Settings¶
The Frontera settings allows you to customize the behaviour of all components, including the
FrontierManager
,
Middleware
and
Backend
themselves.
The infrastructure of the settings provides a global namespace of key-value mappings that can be used to pull configuration values from. The settings can be populated through different mechanisms, which are described below.

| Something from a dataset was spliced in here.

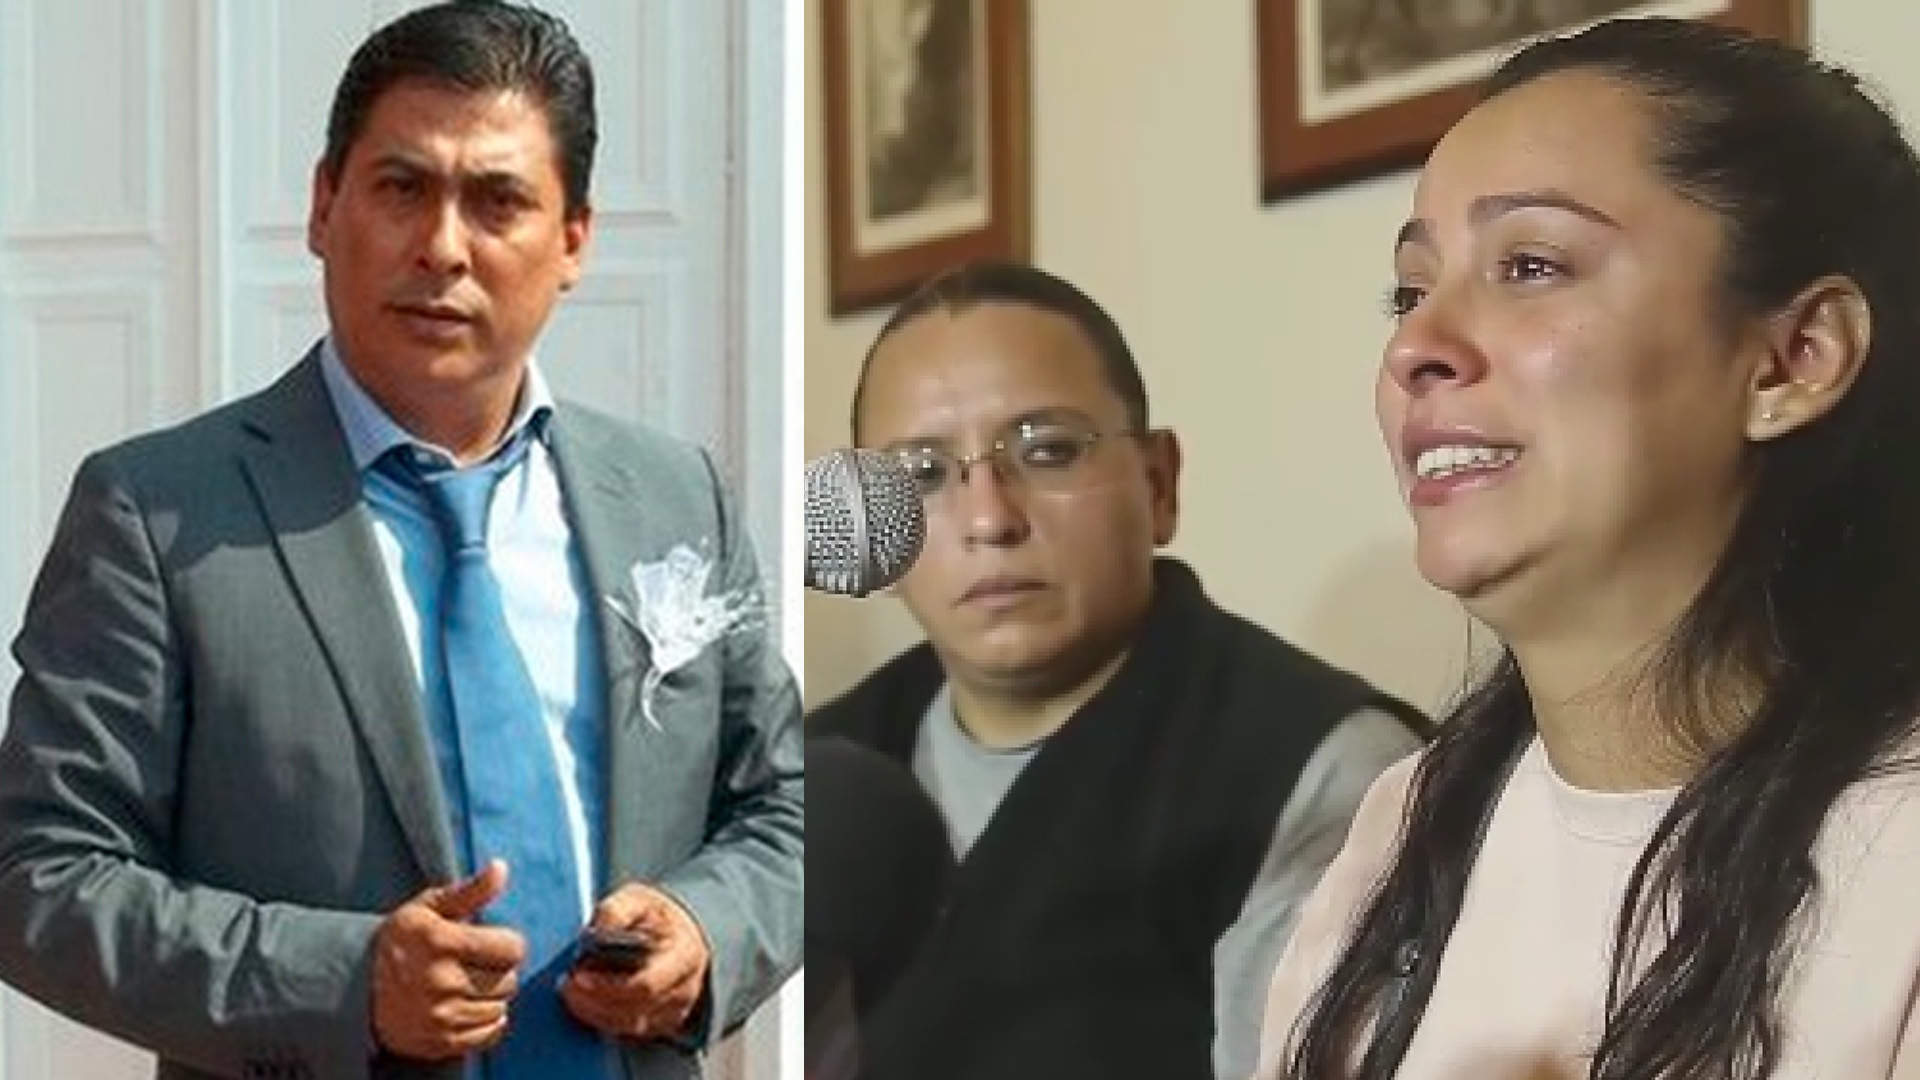 Indignación y dolor: la familia de Salvador Adame desconfía de la versión oficial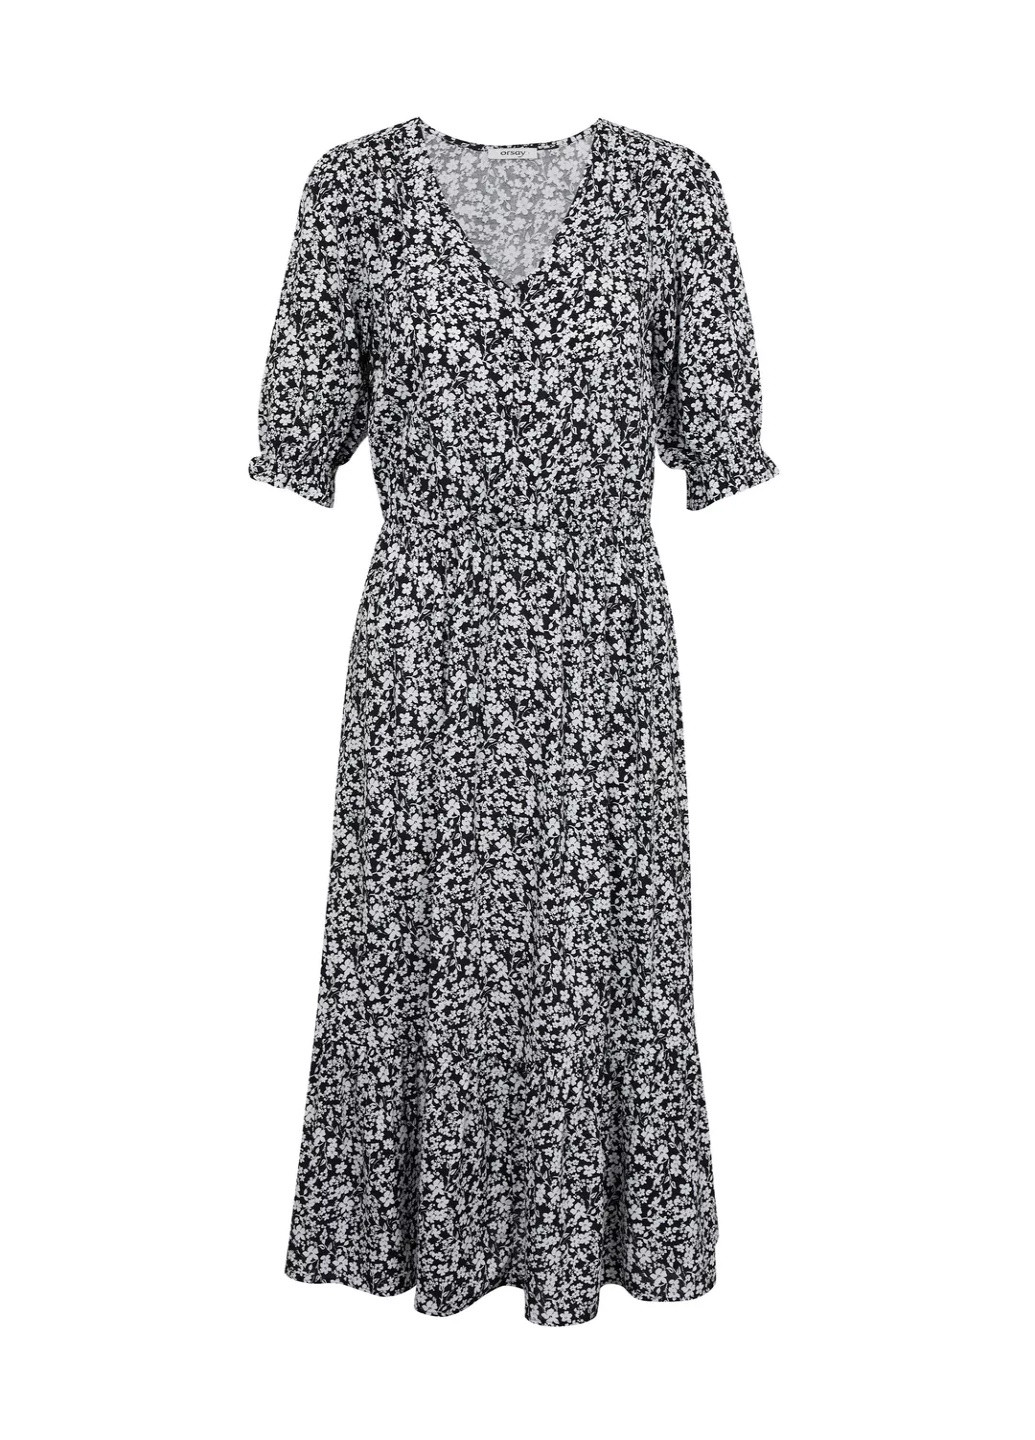 Черно-белое повседневный платье Orsay с цветочным принтом

For a list of available built-in settings see: Built-in settings reference.
Designating the settings¶
When you use Frontera, you have to tell it which settings you’re using. As
FrontierManager
is the main entry point to Frontier usage,
you can do this by using the method described in the Loading from settings
section.
When using a string path pointing to a settings file for the frontier we propose the following directory structure:
my_project/
frontier/
__init__.py
settings.py
middlewares.py
backends.py
...
These are basically:
frontier/settings.py
: the frontier settings file.frontier/middlewares.py
: the middlewares used by the frontier.frontier/backends.py
: the backend(s) used by the frontier.
How to access settings¶
Settings
can be accessed through the
FrontierManager.settings
attribute, that is passed to
Middleware.from_manager
and
Backend.from_manager
class methods:
class MyMiddleware(Component):
@classmethod
def from_manager(cls, manager):
manager = crawler.settings
if settings.TEST_MODE:
print "test mode is enabled!"
In other words, settings can be accessed as attributes of the
Settings
object.
Settings class¶
Built-in frontier settings¶
Here’s a list of all available Frontera settings, in alphabetical order, along with their default values and the scope where they apply.
AUTO_START¶
Default: True
Whether to enable frontier automatic start. See Starting/Stopping the frontier
BACKEND¶
Default: 'frontera.contrib.backends.memory.FIFO'
The Backend
to be used by the frontier. For more info see
Activating a backend.
EVENT_LOGGER¶
Default: 'frontera.logger.events.EventLogManager'
The EventLoggerManager class to be used by the Frontier.
MAX_NEXT_REQUESTS¶
Default: 0
The maximum number of requests returned by
get_next_requests
API method.
If value is 0 (default), no maximum value will be used.
MAX_REQUESTS¶
Default: 0
Maximum number of returned requests after which Frontera is finished. If value is 0 (default), the frontier will continue indefinitely. See Finishing the frontier.
MIDDLEWARES¶
A list containing the middlewares enabled in the frontier. For more info see Activating a middleware.
Default:
[
'frontera.contrib.middlewares.fingerprint.UrlFingerprintMiddleware',
]
REQUEST_MODEL¶
Default: 'frontera.core.models.Request'
The Request
model to be used by the frontier.
RESPONSE_MODEL¶
Default: 'frontera.core.models.Response'
The Response
model to be used by the frontier.
OVERUSED_SLOT_FACTOR¶
Default: 5.0
(in progress + queued requests in that slot) / max allowed concurrent downloads per slot before slot is considered overused. This affects only Scrapy scheduler.”
DELAY_ON_EMPTY¶
Default: 30.0
When backend has no requests to fetch, this delay helps to exhaust the rest of the buffer without hitting backend on every request. Increase it if calls to your backend is taking a lot of time, and decrease if you need a fast spider bootstrap from seeds.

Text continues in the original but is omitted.